Amazon Will Pay a Whopping $0 in Federal Taxes on $11.2B Profits - yawz
http://fortune.com/2019/02/14/amazon-doesnt-pay-federal-taxes-2019/
======
NetBeck
From their 2018 10-K:

"We have tax benefits relating to excess stock-based compensation deductions
and accelerated depreciation deductions that are being utilized to reduce our
U.S. taxable income. The U.S. Tax Act enhanced and extended the option to
claim accelerated depreciation deductions by allowing full expensing of
qualified property, primarily equipment, through 2022. Cash taxes paid (net of
refunds) were $412 million, $957 million, and $1.2 billion for 2016, 2017, and
2018. As of December 31, 2018, our federal net operating loss carryforward was
approximately $627 million and we had approximately $1.4 billion of federal
tax credits potentially available to offset future tax liabilities. Our
federal tax credits are primarily related to the U.S. federal research and
development credit. As we utilize our federal net operating losses and tax
credits we expect cash paid for taxes to increase. We endeavor to manage our
global taxes on a cash basis, rather than on a financial reporting basis.

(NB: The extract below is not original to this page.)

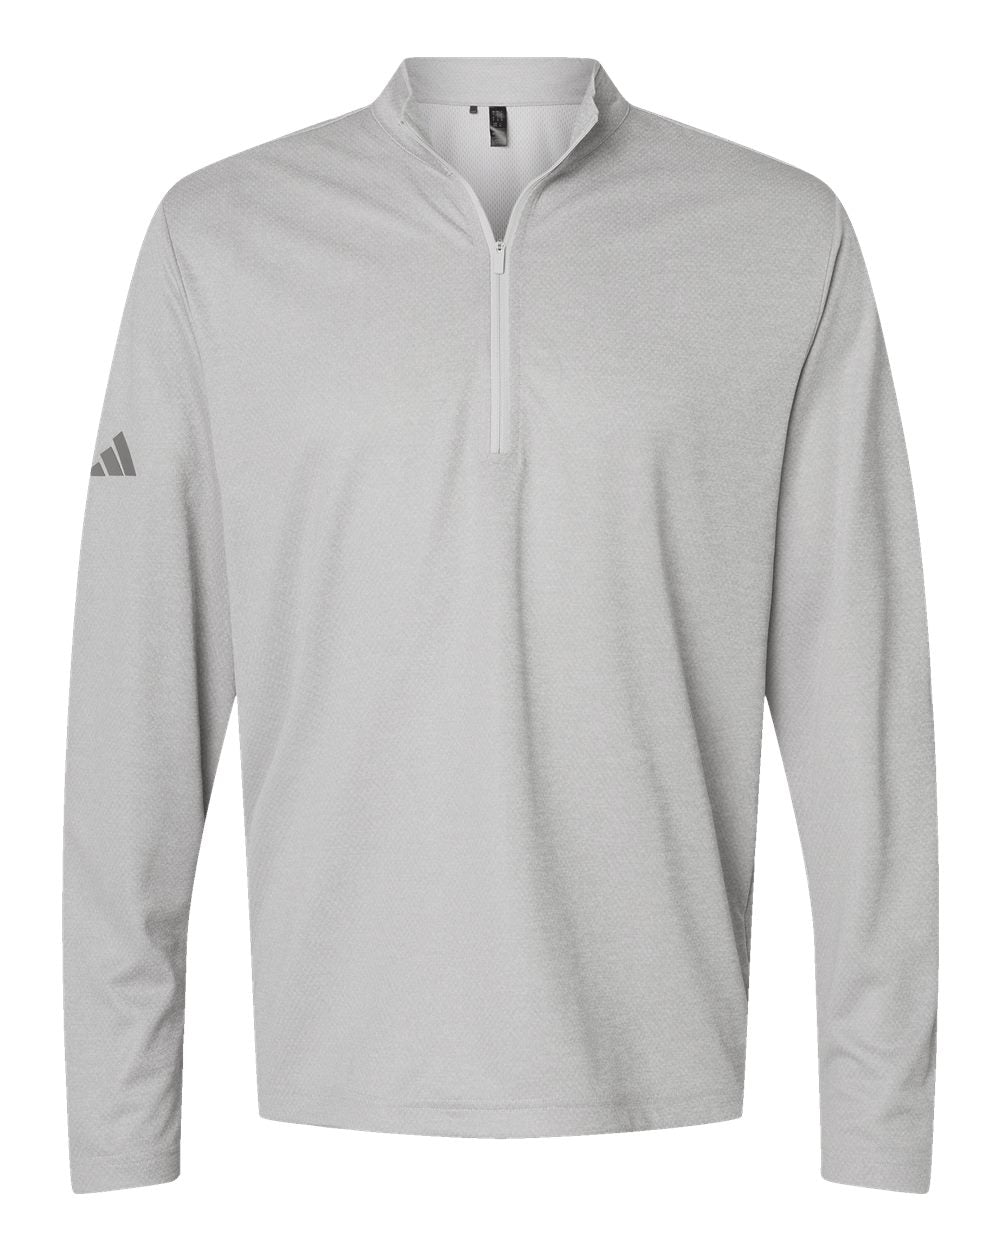 Adidas A593 Space Dyed Quarter-Zip Pullover #color_Grey One Heather

In
connection with the European Commission’s October 2017 decision against us on
state aid, Luxembourg tax authorities computed an initial recovery amount,
consistent with the European Commission’s decision, of approximately €250
million, that we deposited into escrow in March 2018, subject to adjustment
pending conclusion of all appeals."

Source:
[https://www.sec.gov/Archives/edgar/data/1018724/000101872419...](https://www.sec.gov/Archives/edgar/data/1018724/000101872419000004/amzn-20181231x10k.htm)